India is now preparing its exit strategy from the 21-day nationwide lockdown. Vaccines and treatment for Covid-19 are some distance away, and uniform isolation, or a full lockdown, becomes more and more costly for the economy the longer it is in place.
The next stage after the full lockdown is lifted, whether now or later, is likely to be a partial lockdown — featuring cluster containment and restrictions on sectors, regions and activities.
But as it eases the lockdown, India should focus on ramping up testing facilities. The Supreme Court has directed the central government to tell private facilities to offer free testing facilities. The question of how the labs will be paid will be decided later.

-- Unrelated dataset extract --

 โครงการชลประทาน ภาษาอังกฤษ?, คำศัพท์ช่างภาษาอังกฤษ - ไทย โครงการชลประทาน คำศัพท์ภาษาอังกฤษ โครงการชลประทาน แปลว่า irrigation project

Testing for Covid-19 has positive externalities. If the government wants to revive the economy, it must make testing and isolating patients a sustainable strategy. For this, it must start paying private labs for testing as soon as possible, so that labs have the finances to buy testing equipment, hire staff and invest in testing facilities. Devoting fiscal resources to expanding testing of Covid-19 is one of the best uses of public spending at the moment.
Testing high-risk occupations
According to epidemiologists, the way to control an epidemic is to bring down ‘R0’, or the number of people each Covid-19 patient infects.

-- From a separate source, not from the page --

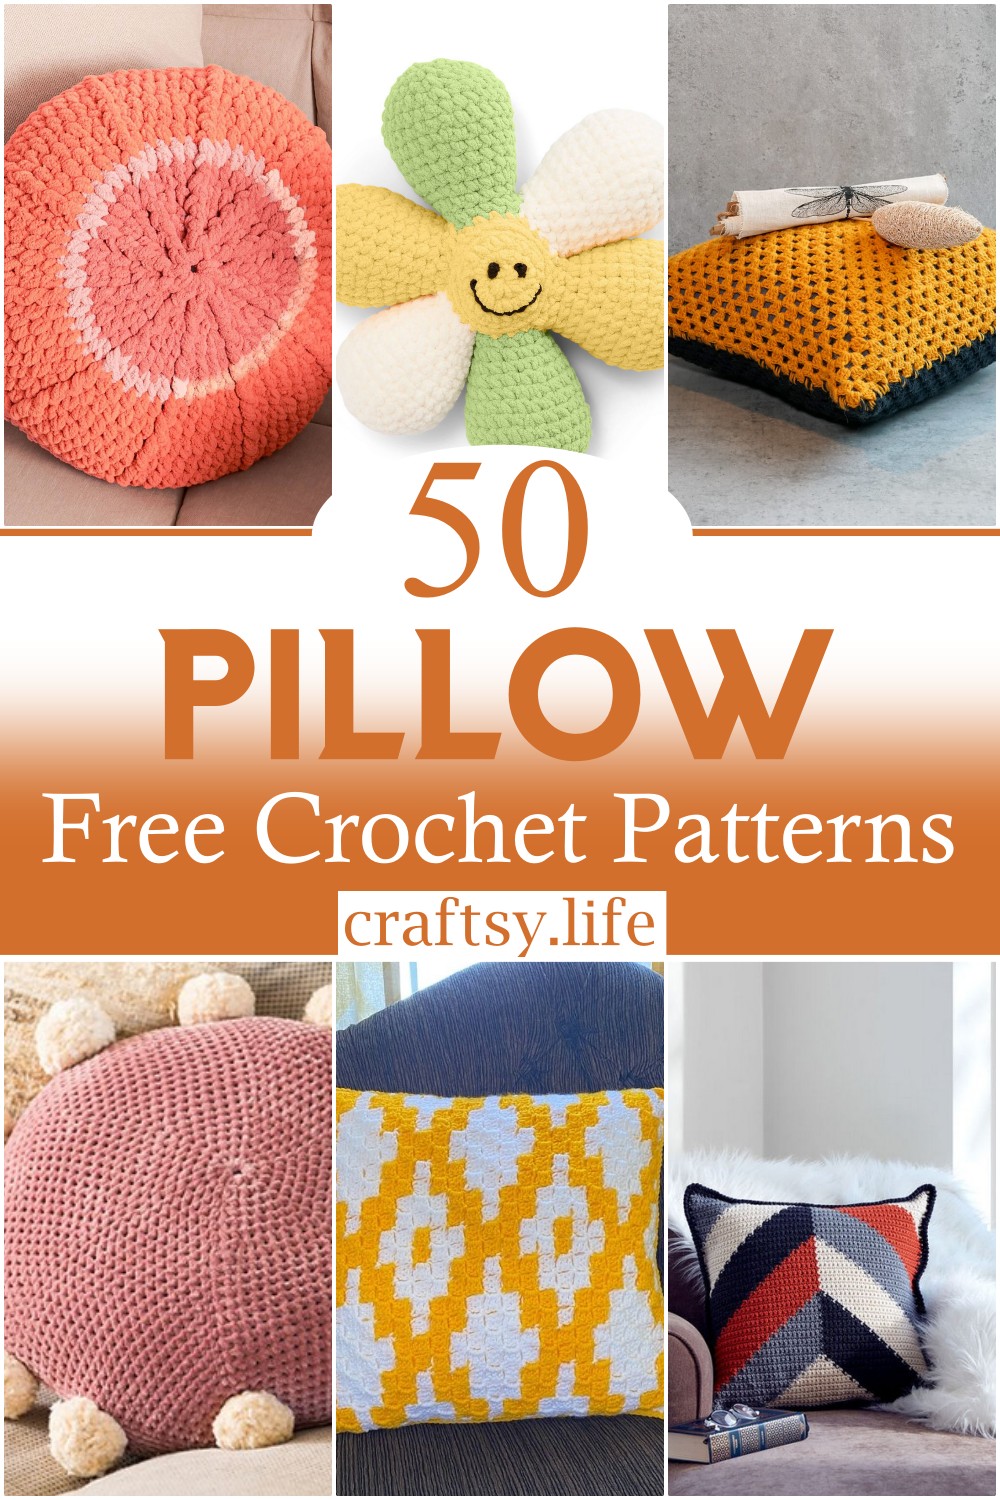 Free Crochet Pillow Patterns 1

This number is currently said to be around 2.5 for India. This means on average, each patient infects around two to three people.
The strategy to bring down R0 is to isolate those infected by the virus, so they are not in contact with the unaffected. When less each person infects less than one person, the virus eventually dies away. Under the conditions in which the R0 is below 1, the economy can start functioning again.
How can R0 be reduced? In addition to the present strategy of contact tracing, testing those with travel history, and those with symptoms, we will need to start testing those occupations that are at high risk. On top of the list should be healthcare workers, because they interact with many people who are likely to have the virus.
During the asymptomatic stage, health workers are also likely to spread the virus to other colleagues and patients. Their colleagues, or other healthcare workers, are the highest “value” in terms of who you don’t want falling ill, in order to contain the virus and treat the sick.
Intermediate stage/partial shutdown
If testing all individuals was possible, that would have been our strategy. But given our limited resources for testing and the size of the population, the intermediate stage or partial lockdown may be sectoral, regional and activity-based containment.
Urban clusters, where there is high risk of the pandemic spreading, may be put under lockdown in a cluster containment strategy, while farmers in rural areas, at low risk, and whose crop has to harvested, will be allowed to go to work.
Public transport like buses, flights and trains; congregations like the Tablighi Jamaat event where hundreds can be infected together; and schools and colleges where students can acquire the virus more easily may be kept locked down. But sooner or later, the present curfew-like conditions would be lifted for most sectors, regions and activities.
This strategy will allow saving lives while preventing the economy from collapse. The longer the economy is in a lockdown, the more damage it will see. The sooner the low-risk sectors are allowed to get back on track, with adequate health and safety measures, and with exceptions where required, the lower will be the fall in production and loss in income.
Most countries locked down when the disease was already widespread, patients were queuing up in hospitals, and when the health system was no longer able to cope. Italy and the UK might have thought that their health systems could cope.
The Indian government knew that even with very few cases, the Indian health system cannot cope, and opted for a very early lockdown. Considering the low capacity of India’s healthcare system, the government needed time to assess and prepare it for the pandemic.
In the last two weeks, the administration has prepared Covid-19-dedicated facilities like makeshift hospitals, schools, hostels and stadiums, and ordered ventilators, PPE kits, medicines, roped in the private sector and modified the Ayushman Bharat scheme.
But despite all these preparations, if the disease starts spreading in an uncontrolled manner, health facilities in India will be inadequate, and a policy of full removal of lockdown even for a few days may bring the system to its knees.
Paul Romer, the 2018 Nobel Prize winner for economics, has argued that it would be fatal for any economy to go into an infinite on-off-on-off loop with full lockdowns. Instead, if it spends its resources on testing, and tries to improve the yield of testing, for example, by focusing testing on occupations like healthcare workers, sanitation workers, police personnel, grocery clerks, etc. who are at high risk and have a high risk of spreading the disease, then the country can bring the R0 down to below 1.
Among those at high risk themselves, it is more important to test individuals who may spread the virus to many more.
According to Romer, for an early economic recovery, it makes most sense to spend money and resources on testing. The decline in GDP due to the financial crisis of 2008 was 7.5 per cent of GDP. The decline due to Covid-19 may be much higher. If that can be prevented by spending a small percent of GDP on testing, collecting samples, free testing for all, the gains for the economy will be way beyond 1 per cent.
Looking forward, the test-and-isolate strategy may be the only long-term sustainable strategy for the Indian economy. Paying private labs to do testing would help implement this strategy.
The author is an economist and a professor at the National Institute of Public Finance and Policy. Views are personal.